Activists often get pegged as complainers. People who refuse to see any good in any of the state's actions. In this you thou-doth-protest-to-much attitude, I was asked: "well, what would you want Krystal, for the police to not show up!"
What I want is accountability.
Let's start with police officers wearing their frakken badges so there can some sort of police recourse if a civilian does get their civil liberties trampled on?
If every thing every police officer was doing was above the law, then why would 91 officers feel the need to obscure their identity to prevent accountability and repercussions for their actions that weekend in late June?
I mean, why else remove their badges?
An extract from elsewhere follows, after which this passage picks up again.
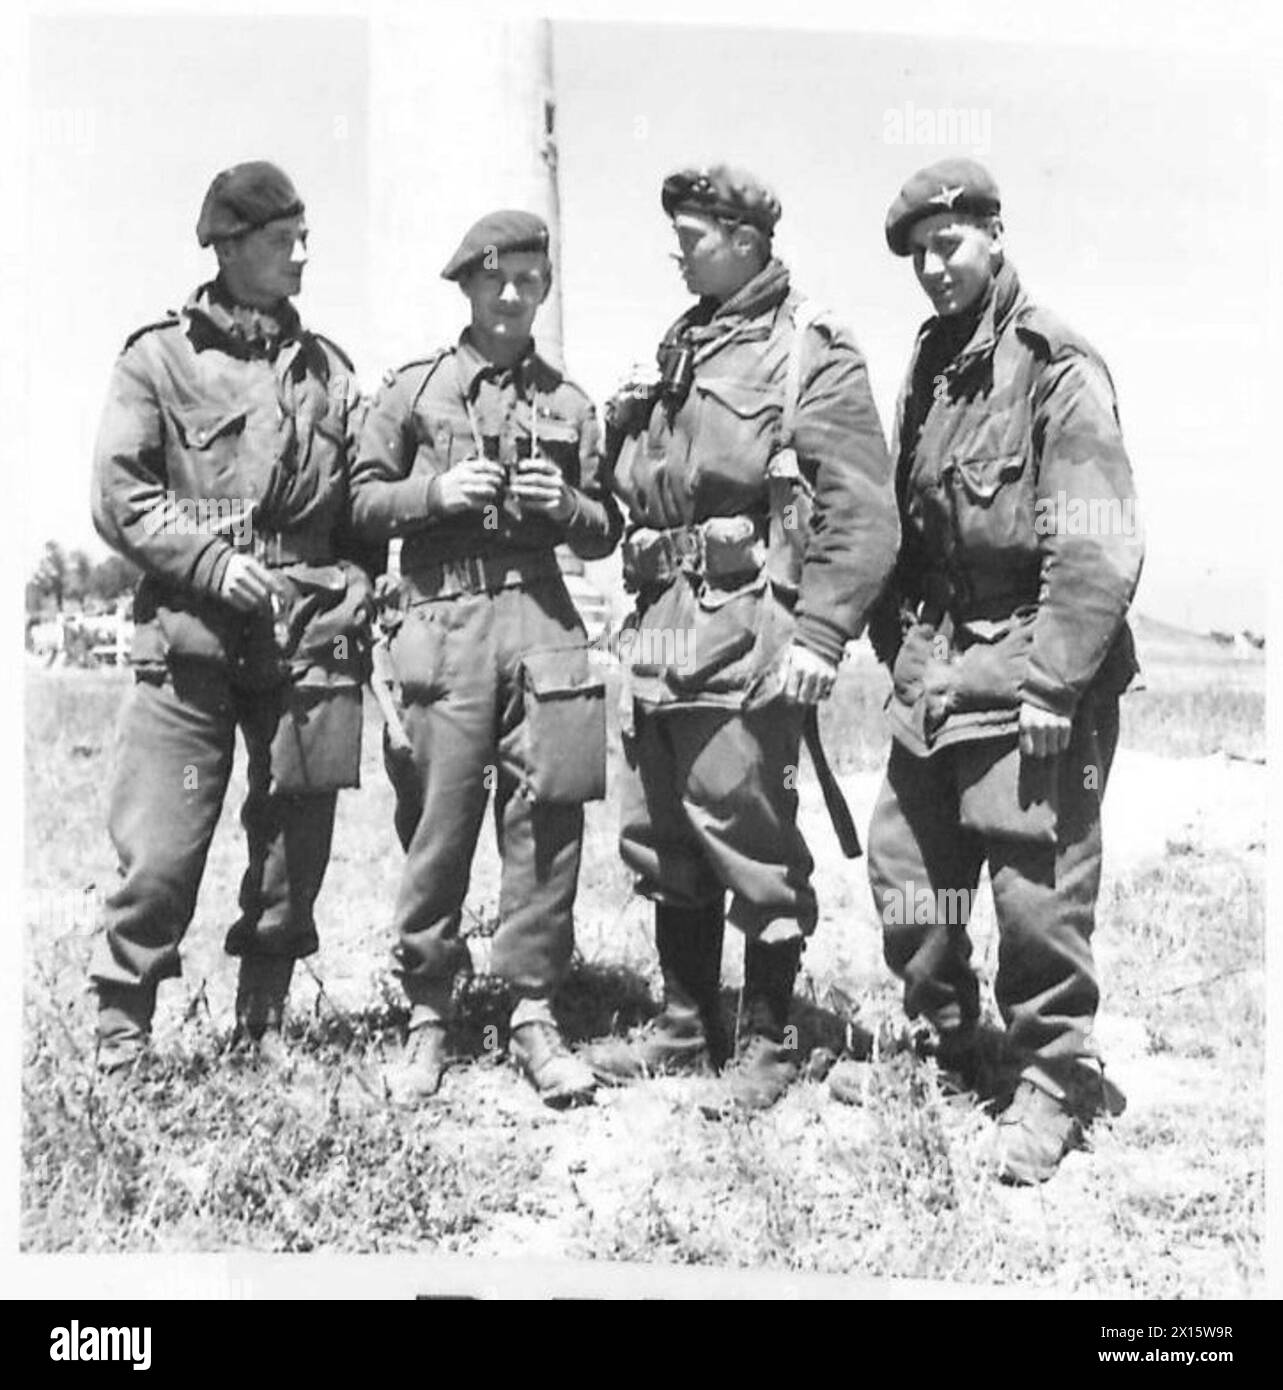 WITH A COMBINED OPERATIONS BOMBARDMENT UNIT - Members of a 'watch' coming off duty. Left to right:- Telegraphist W. Fortune of 22 Wood Street, Middlestone Moor, Nr. Spennymoor, Co.Durham, who landed on 'D' Day by parachute; Telegraphist A. J. Boomer, DSM; Captain F. Vere Hodge, MC,Huntspill, Highbridge, Somerset, and Telegraphist K. F. Moles of 112 Stortford Road, Rye Park, Hoddesdon, Herts British Army, 21st Army Group Stock Photo

And you cannot tell me that 90 badges malfunctioned during their course of duty and simply fell off? (Or perhaps they might have fallen off when an officer was busy putting a demonstrator into a headlock and wrestling them to the ground?)
According to a story in today's Toronto Star, "Blair was appearing in Ottawa before the House of Commons public safety committee to answer questions about summit security. He discussed the disciplinary action in response to MPs' queries about accusations that a large group of officers deliberately tried to hide their identities from G20 protesters."
There were 13 complaints lodged about missing or obscured badges. Officers caught potentially face a loss of a day's wage. Perhaps some were willing to risk a day's pay for the potential free for all of the streets of Toronto. As I write this, the image of a young girl being grabbed by the neck and lifted off the ground by police comes to mind. They call it a Police riot, not a People riot, for a reason.
Think I'm being hard on the Toronto police here, can I direct you to another Toronto Star series on police accountability here titled: Above the Law.
In other G20 legal news, charges against alleged G20 "ringerleader" Julian Ichim were dropped November 1, 2010. Ichim was originally charged with counselling to commit mischief.